Nothing more true than this fierce intent to care,
to indwell the peaceful solution in each and every moment,
the way you unwittingly call me on my own withholding,
the way your innocence and expression
illuminates in me my own artifice,
my own investment in the outcome
that may not always be of service
to the asking of the moment.
Yet it is true I sometimes struggle
against the smallness that you ask of me,
with each step to stay small with you,
with the eye that will see the bug in the blossom
or the hole in your sock
or the answer to the riddles that you pose.
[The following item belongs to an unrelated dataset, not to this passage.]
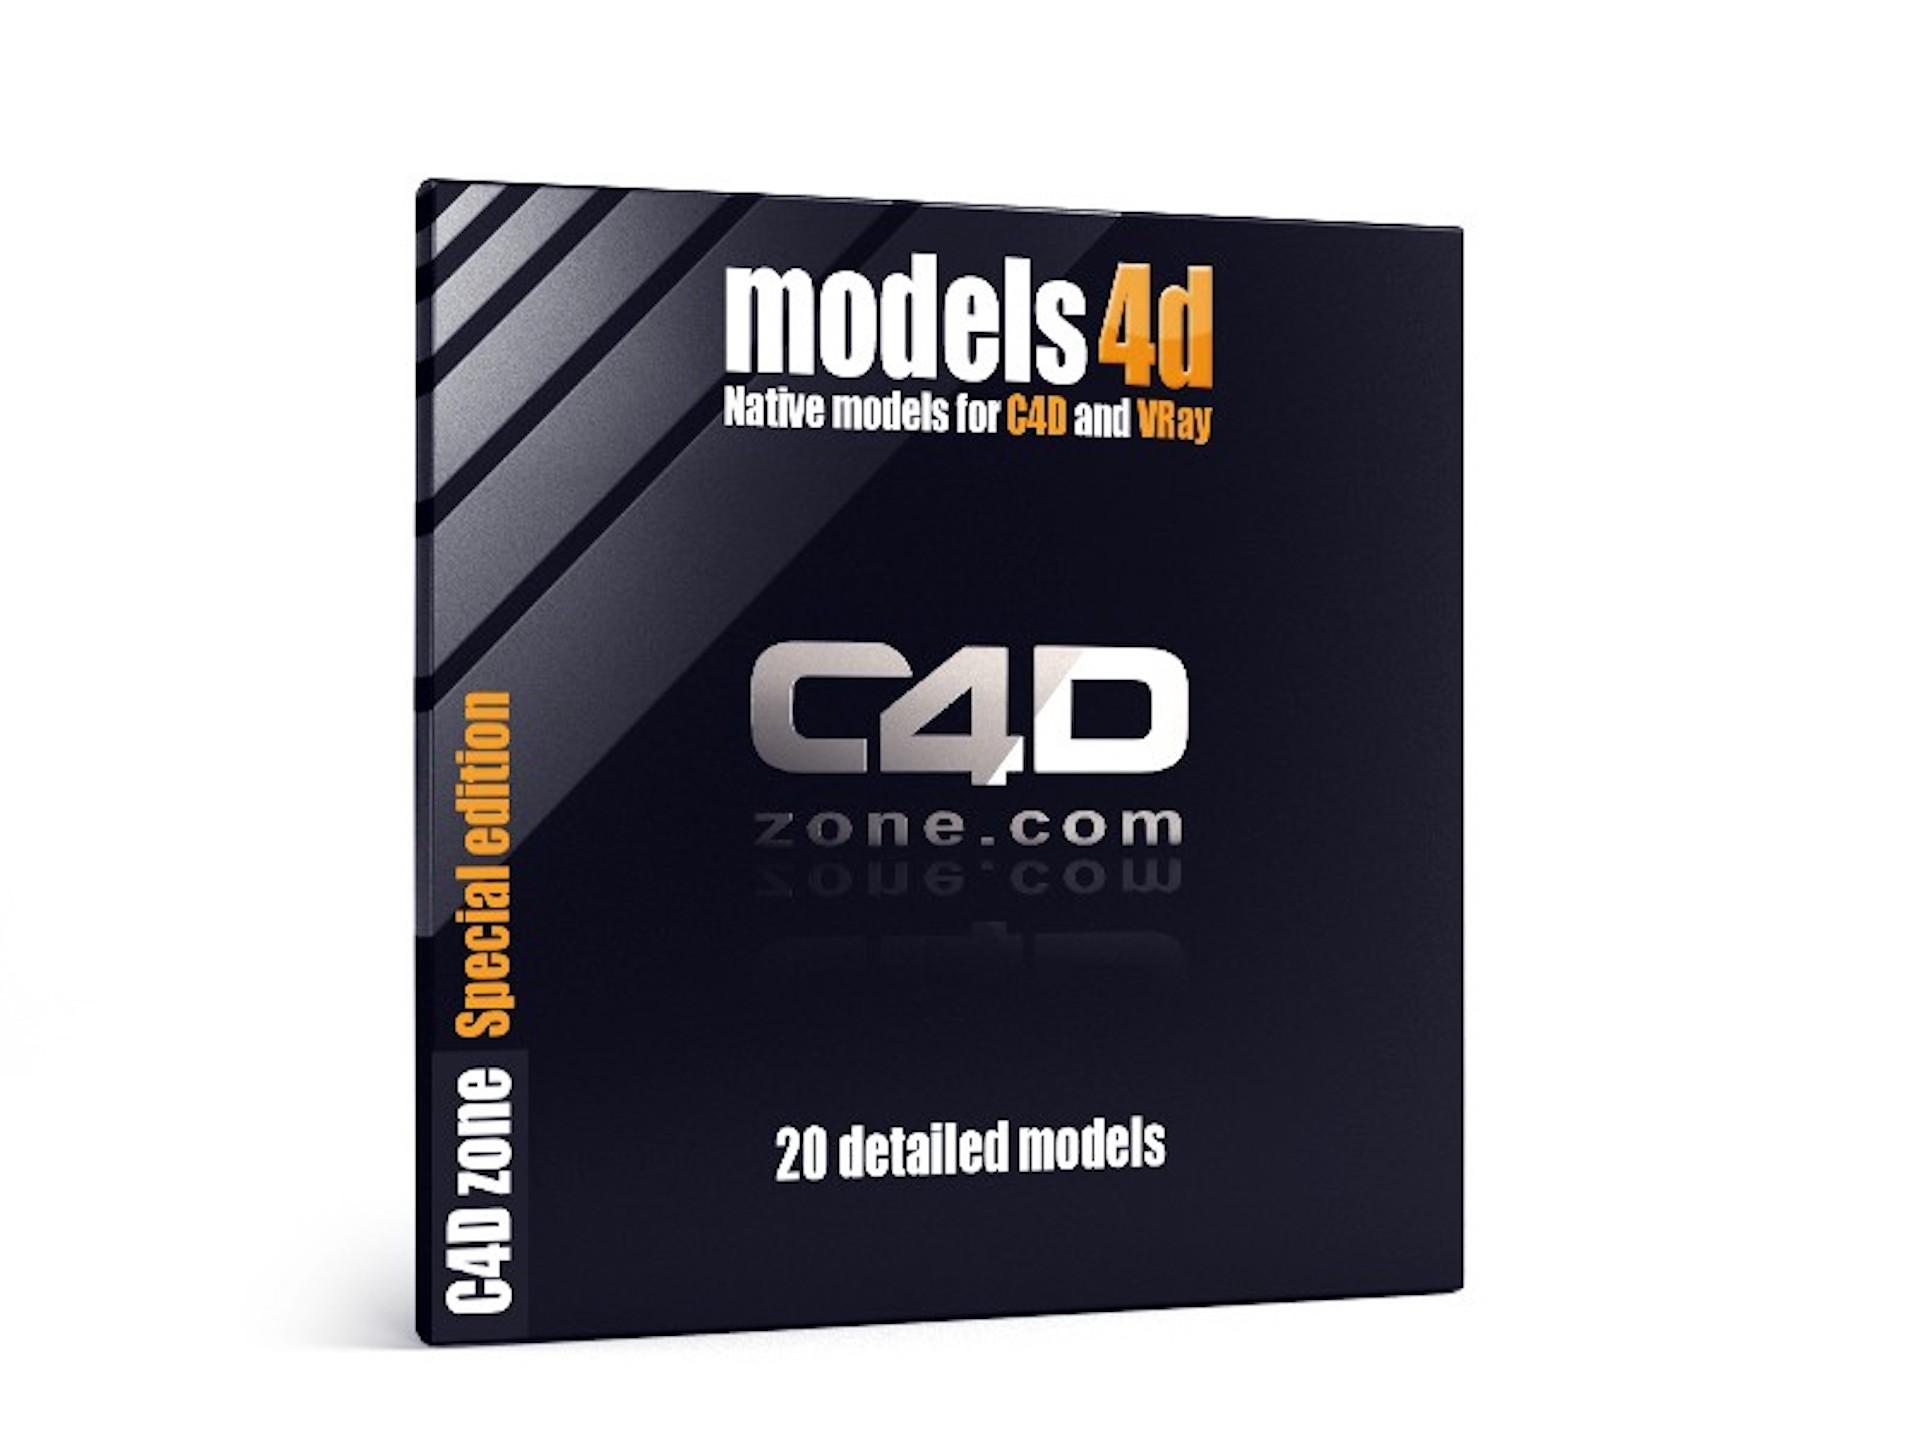 Models 4D Free Pack - Models - Download - C4Dzone
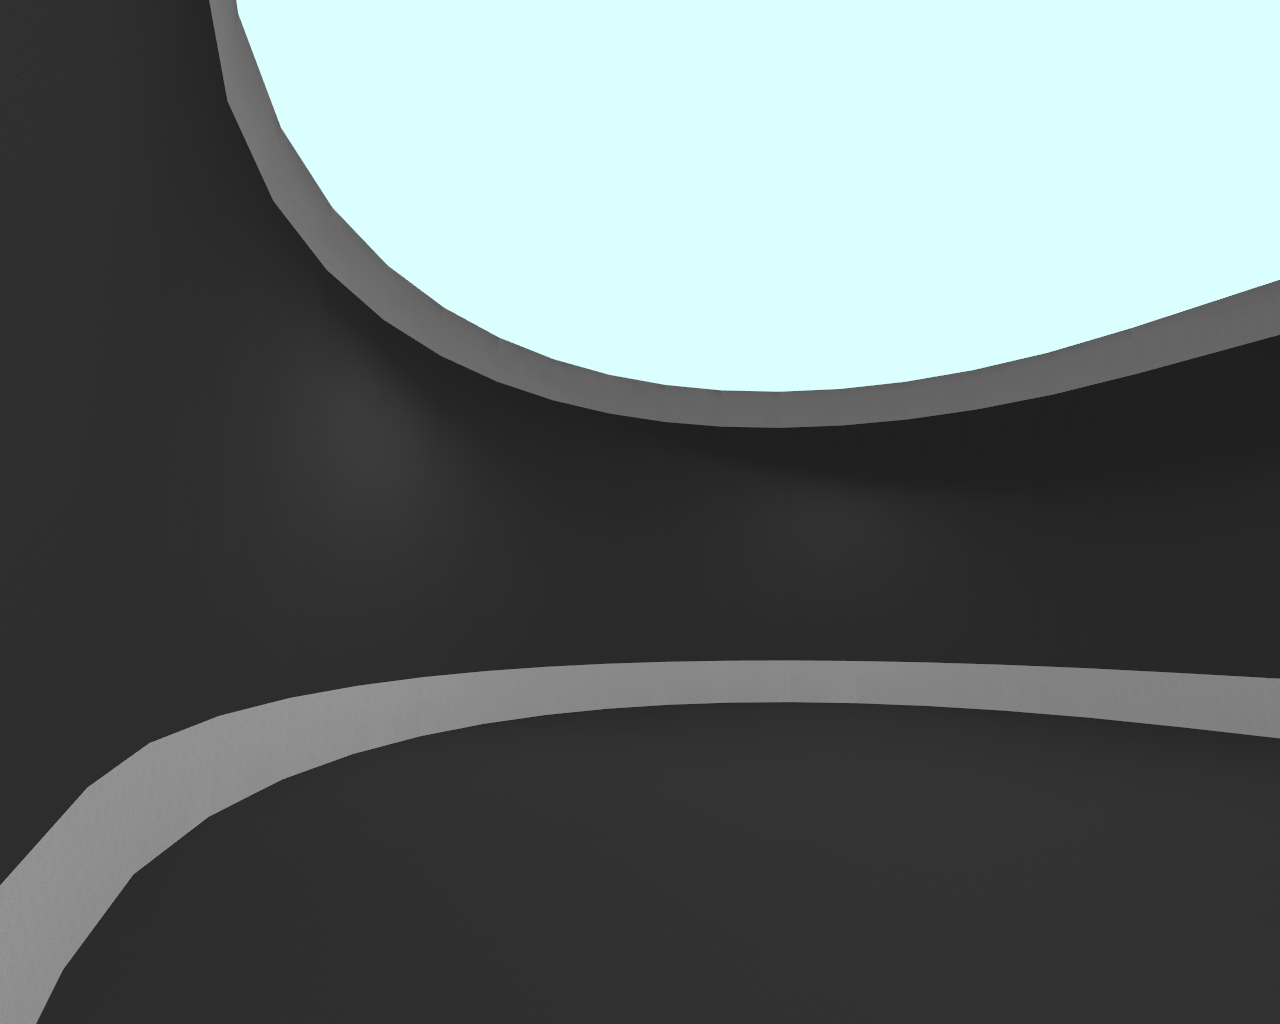 minimalism - Half-Life

You call upon the part of me
that is happy for the washing of dishes to take an hour
and that by the end, the floor will be drenched
and two new dry outfits required.
The part that values the quality of the moment
over what is achieved,
the part that must accept
that often nothing gets done
except the growing of our inner lives.
Sometimes I feel your wings
stretching out above me as you soar out
into a future without me in it
and I grasp the magnitude of this work,
that with my body I have created something,
alive and vital that blessed be will outlive me,
that I birthed you into being
and that with each breath
I must bring my will to bear
in the task of your care.
That you ask of me always to find
a deeper resource of love within me,
that you ask me always to be more patient,
aware, present and awake
than I would ever have felt possible
in the moment before your asking.
As through my own inertia,
I enact my love,
as you ask of me in every moment
to overcome myself,
as you, my flesh and blood,
move beyond the edges of me,
and call for me to come after.
The potent weight of your hand in mine,
the wild tangle of your hair
when I have looked away from it too long,
the hungry clutch of you awake in the night,
the desperation of your need for comfort
and the fact that you will accept no less
than the all of me.
As you grow I grow.
And then there are the days when I look out at the world,
twinkling so brightly and moving so fast
and it is as though we live in a different universe,
ours the time of the turning planet
and the growing seed in the dark Earth,
the creeping season and the creaking forest....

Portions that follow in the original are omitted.